▶ **Activity**: Copy the data that follows, character for character, minus the pictures.

▶ **Information provided**:
------

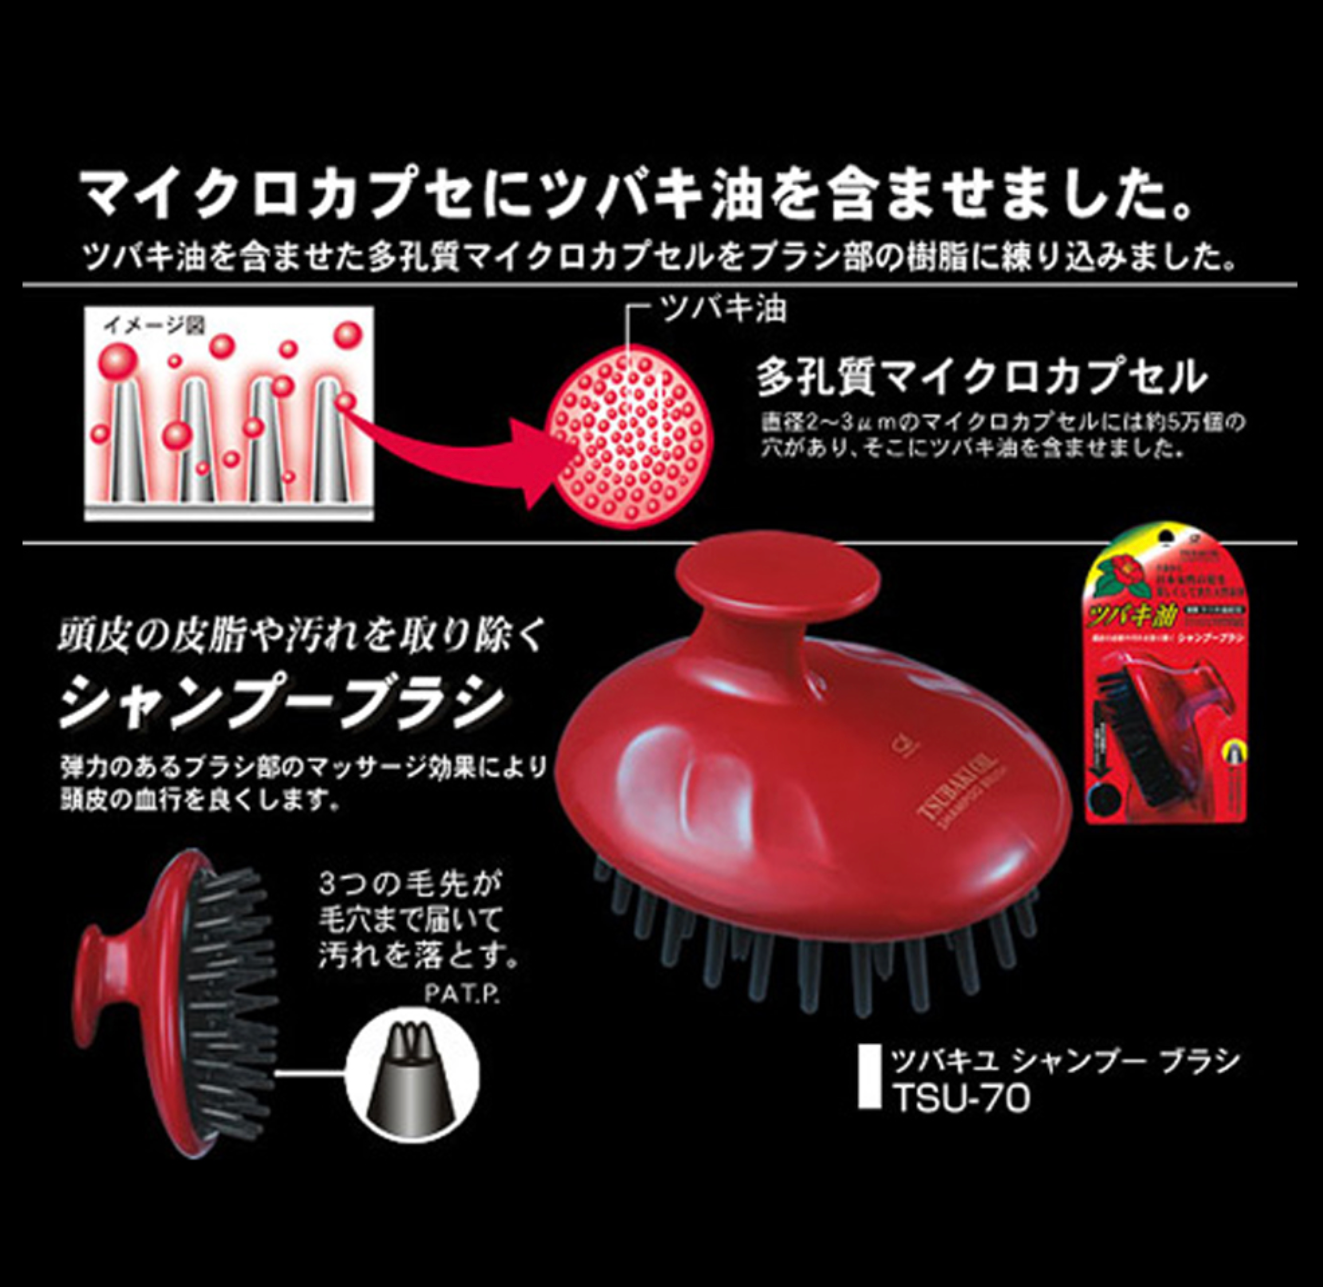 日本山椿油洗髮頭皮按摩梳
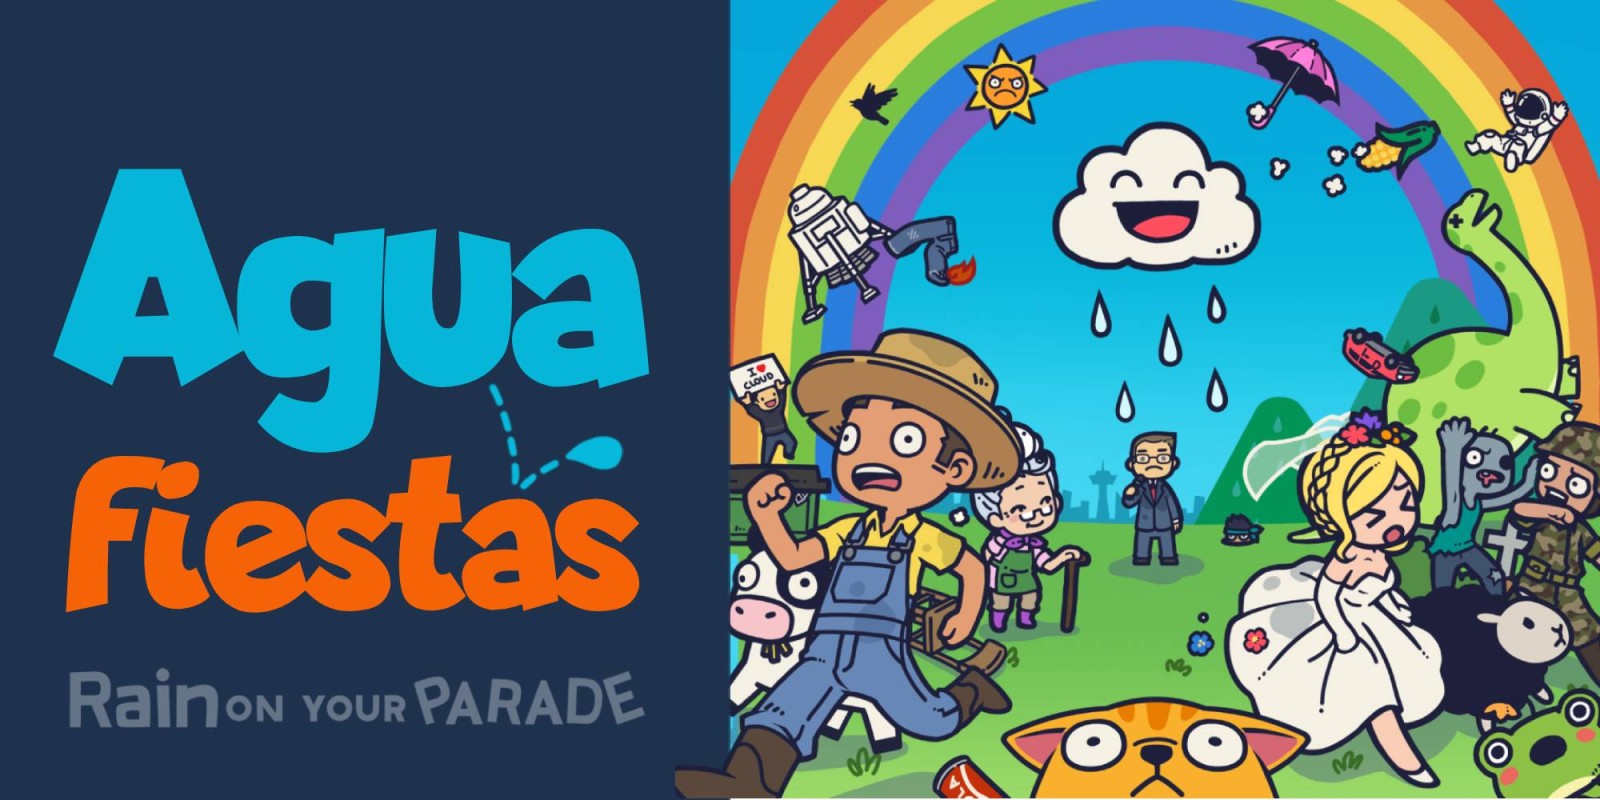 Aguafiestas | Rain on Your Parade
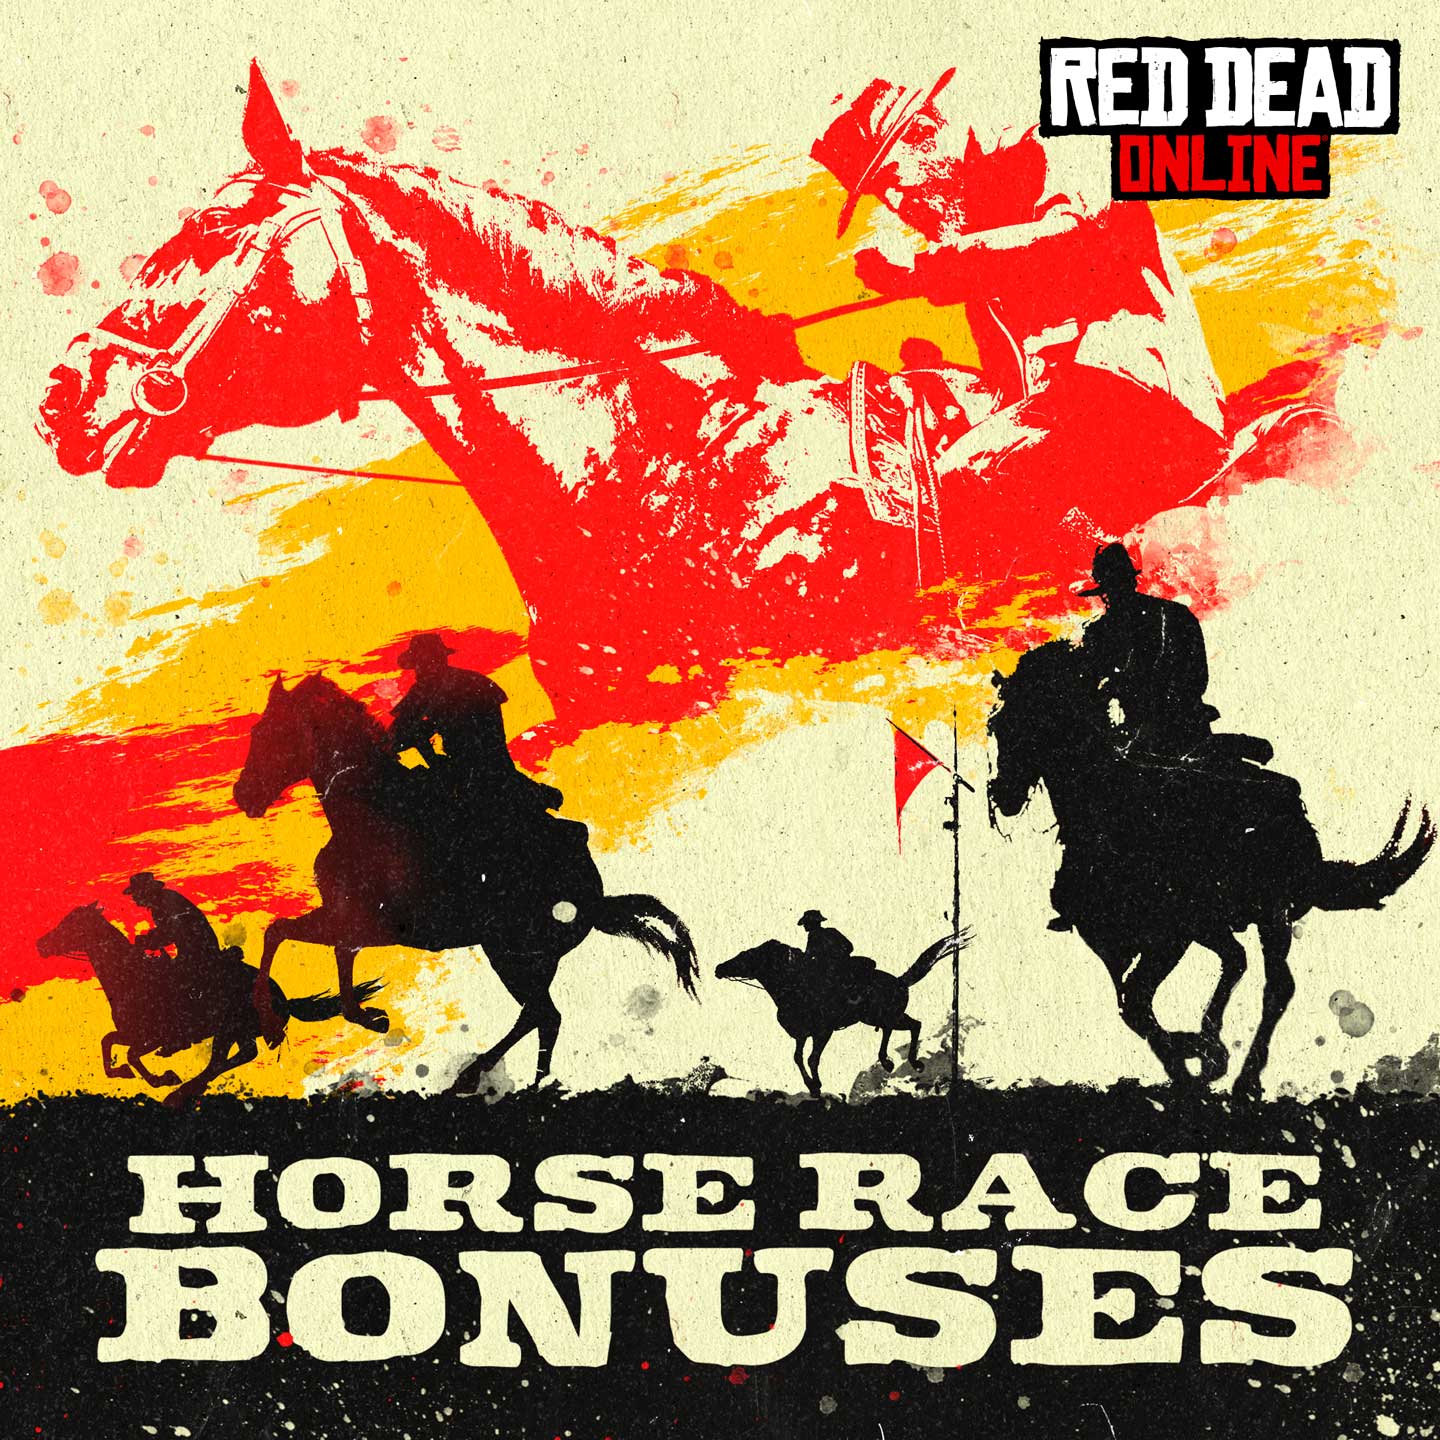 Descubre tesoros en Red Dead Online para recibir bonificaciones y  recompensas para coleccionistas - Rockstar Games

------

▶ **Reply to the task**:
 日本山椿油洗髮頭皮按摩梳
 Aguafiestas | Rain on Your Parade
 Descubre tesoros en Red Dead Online para recibir bonificaciones y  recompensas para coleccionistas - Rockstar Games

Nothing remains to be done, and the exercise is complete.